Pictures stay out of the copy; output exactly the lines from the one containing "Les touristes de" through the end of the material.
START Supplied material
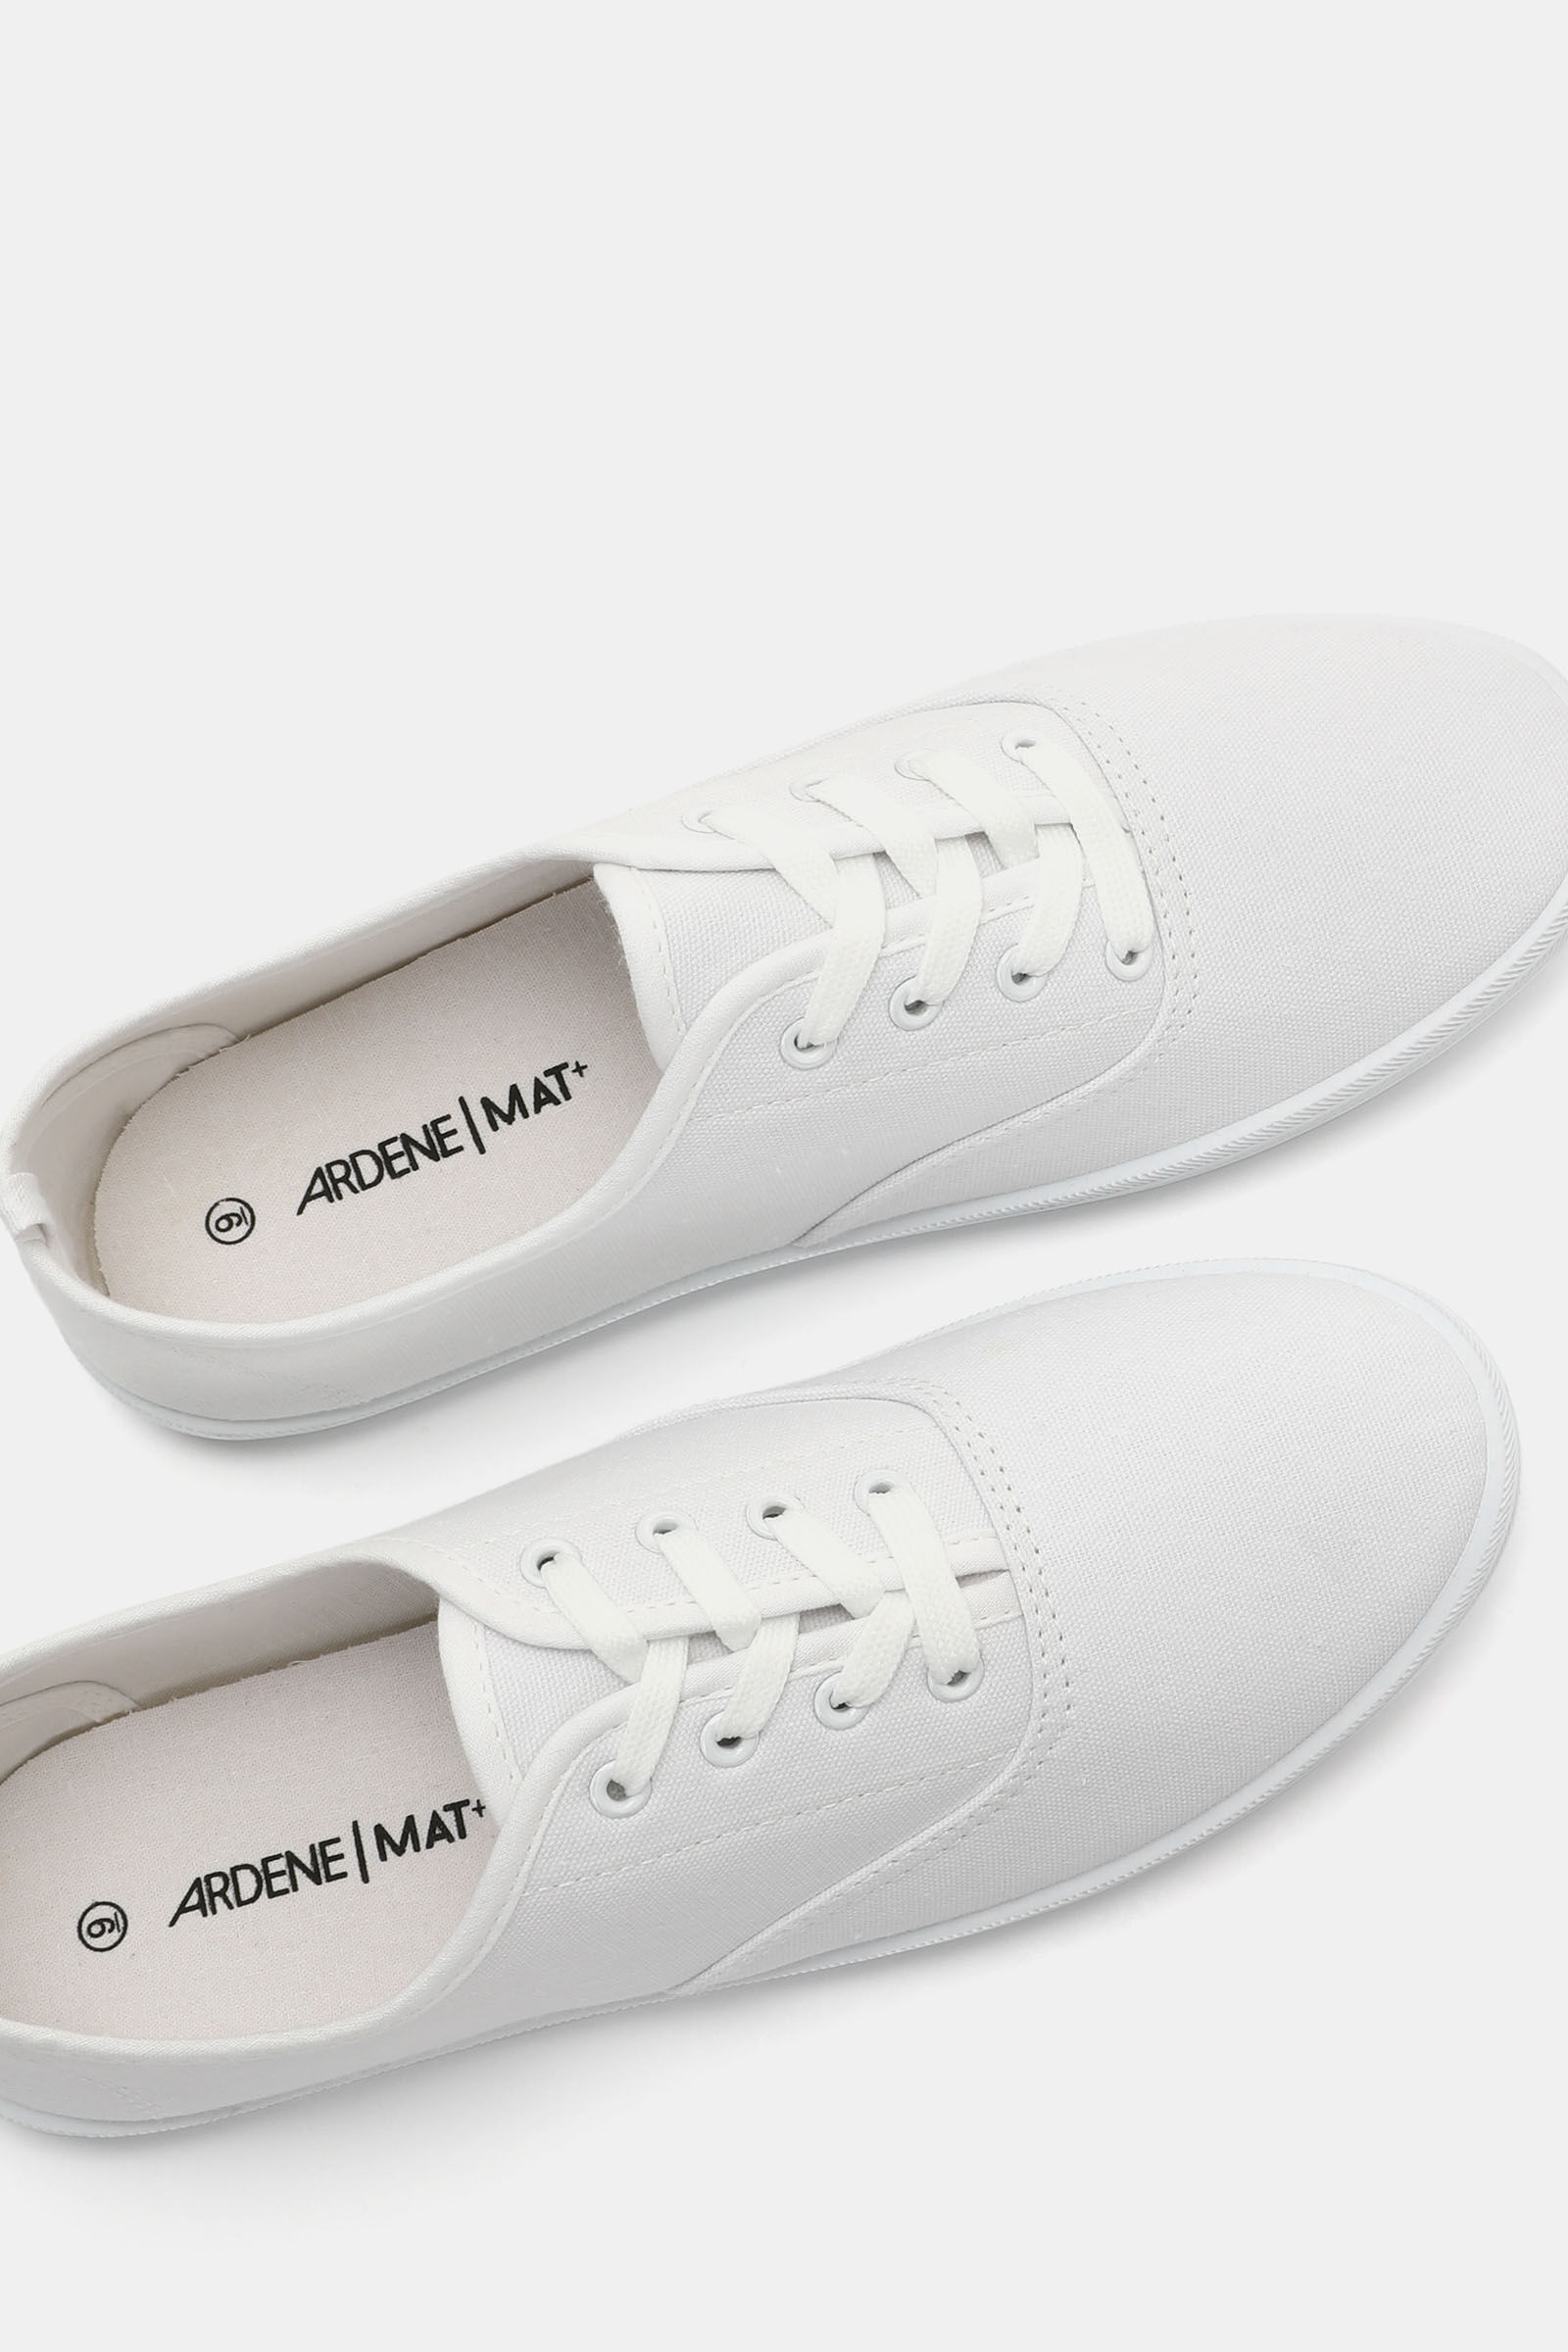 ardene white shoes
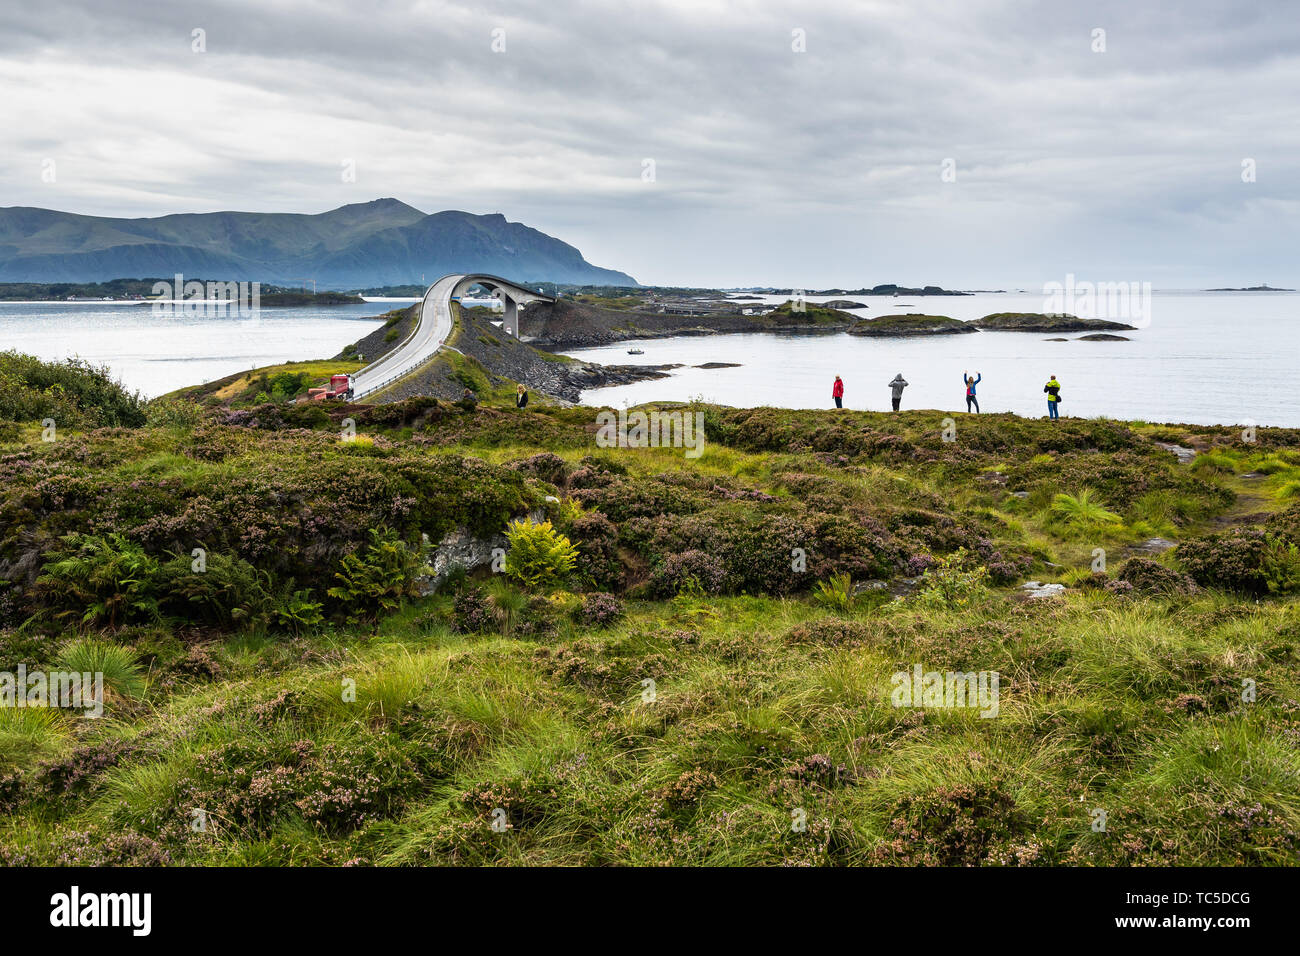 Les touristes de prendre des photos en face de la route de l'Atlantique (Atlanterhavsvegen), l'une des routes les plus emblématiques en Norvège Banque D'Images
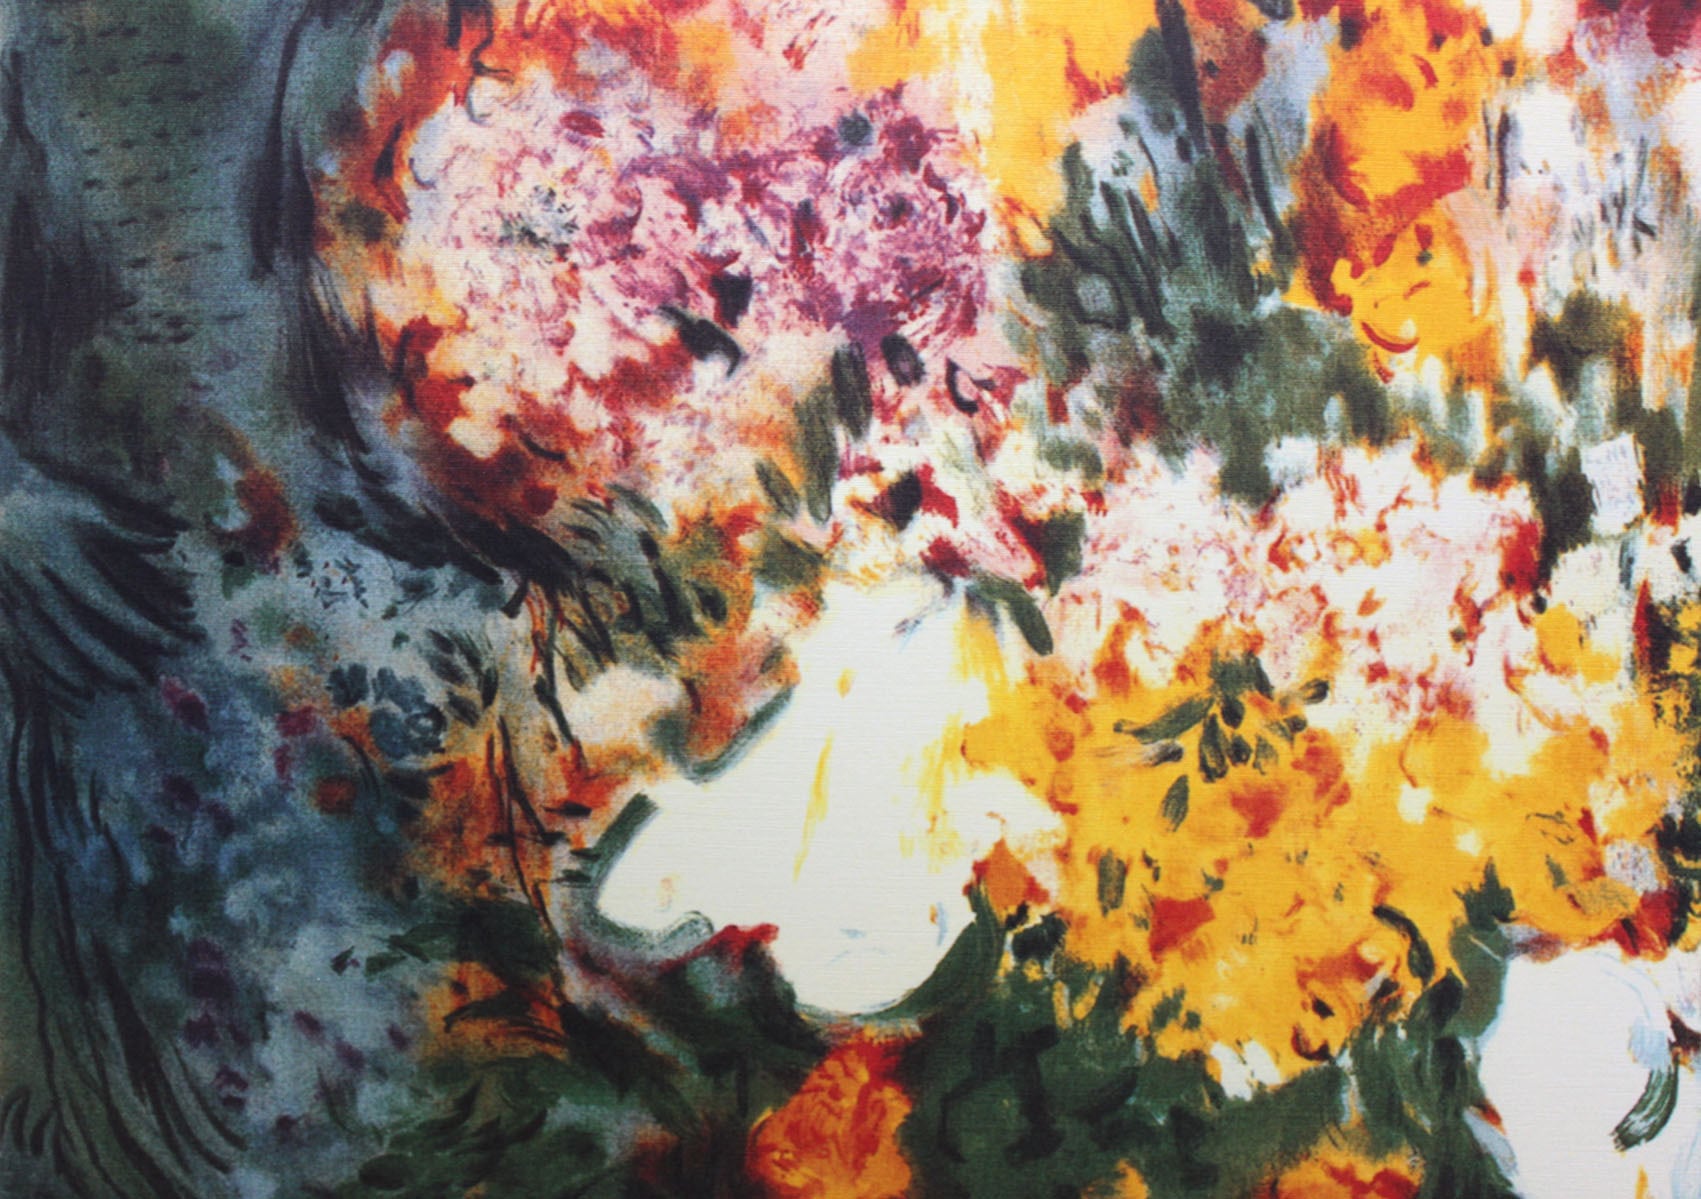 マルク・シャガール作品「花束」作品証明書・展示用フック・限定500部エディション付複製画リトグラ
END Supplied material
◆ Output of the exercise:
 Les touristes de prendre des photos en face de la route de l'Atlantique (Atlanterhavsvegen), l'une des routes les plus emblématiques en Norvège Banque D'Images
 マルク・シャガール作品「花束」作品証明書・展示用フック・限定500部エディション付複製画リトグラ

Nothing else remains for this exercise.